** Opening THE RECORDS block **

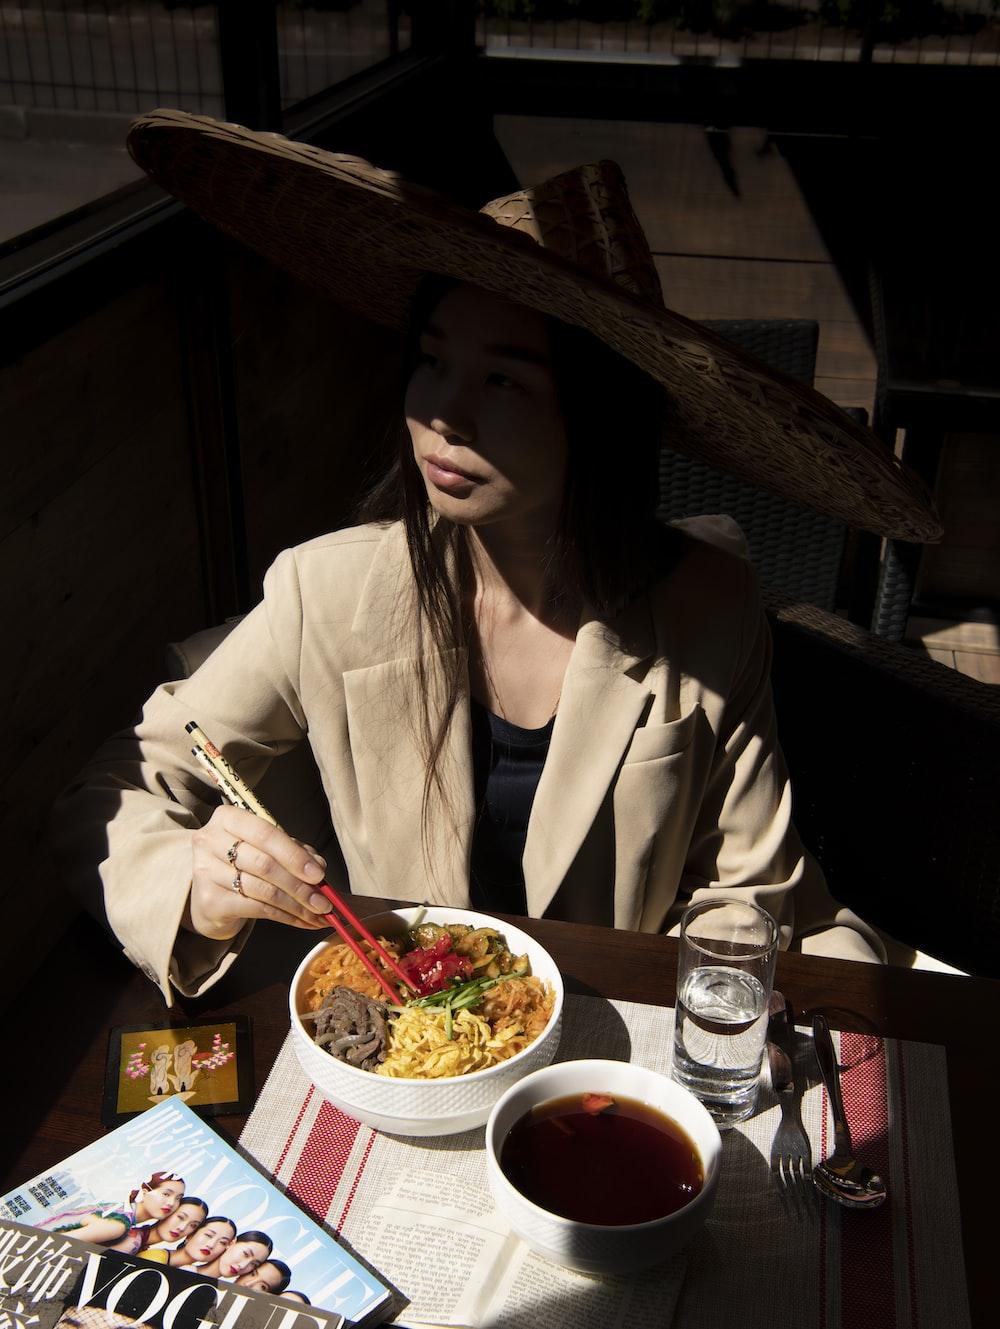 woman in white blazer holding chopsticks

** Closing THE RECORDS block **
** Opening THE RECORDS block **

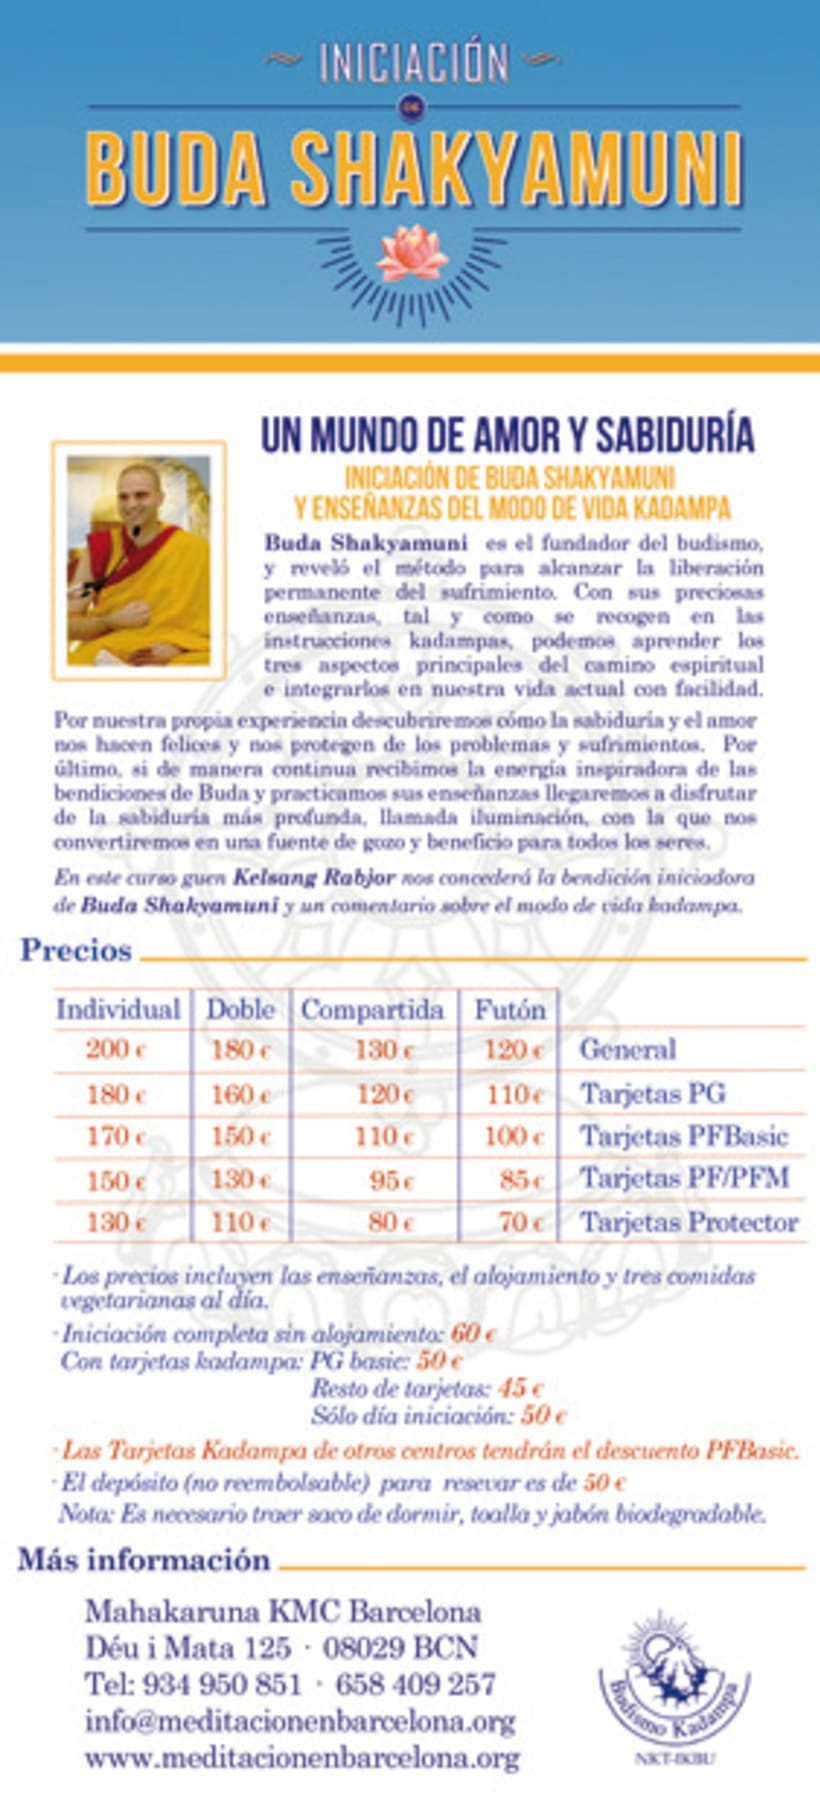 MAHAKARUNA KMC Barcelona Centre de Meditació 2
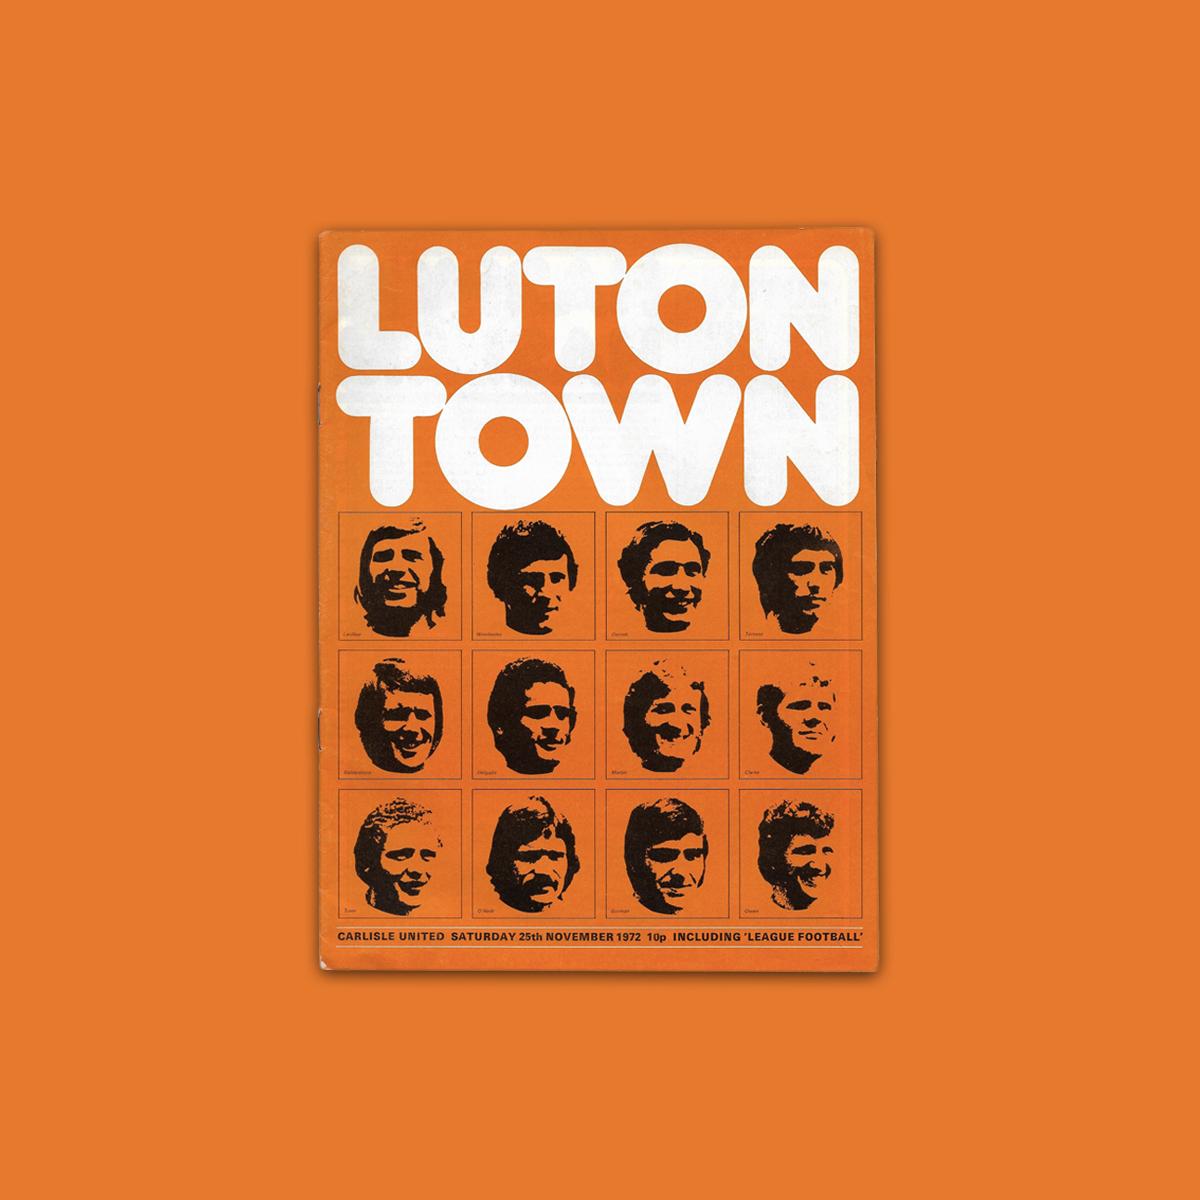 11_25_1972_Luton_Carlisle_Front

** Closing THE RECORDS block **

**TASK GOAL**: Copy only these lines from the records above, exactly: the one with "MAHAKARUNA KMC Barcelona", the one with "11_25_1972_Luton_Carlisle_Front", and those between. Skip the pictures.

**THE COMPLETED TASK**:
 MAHAKARUNA KMC Barcelona Centre de Meditació 2
 11_25_1972_Luton_Carlisle_Front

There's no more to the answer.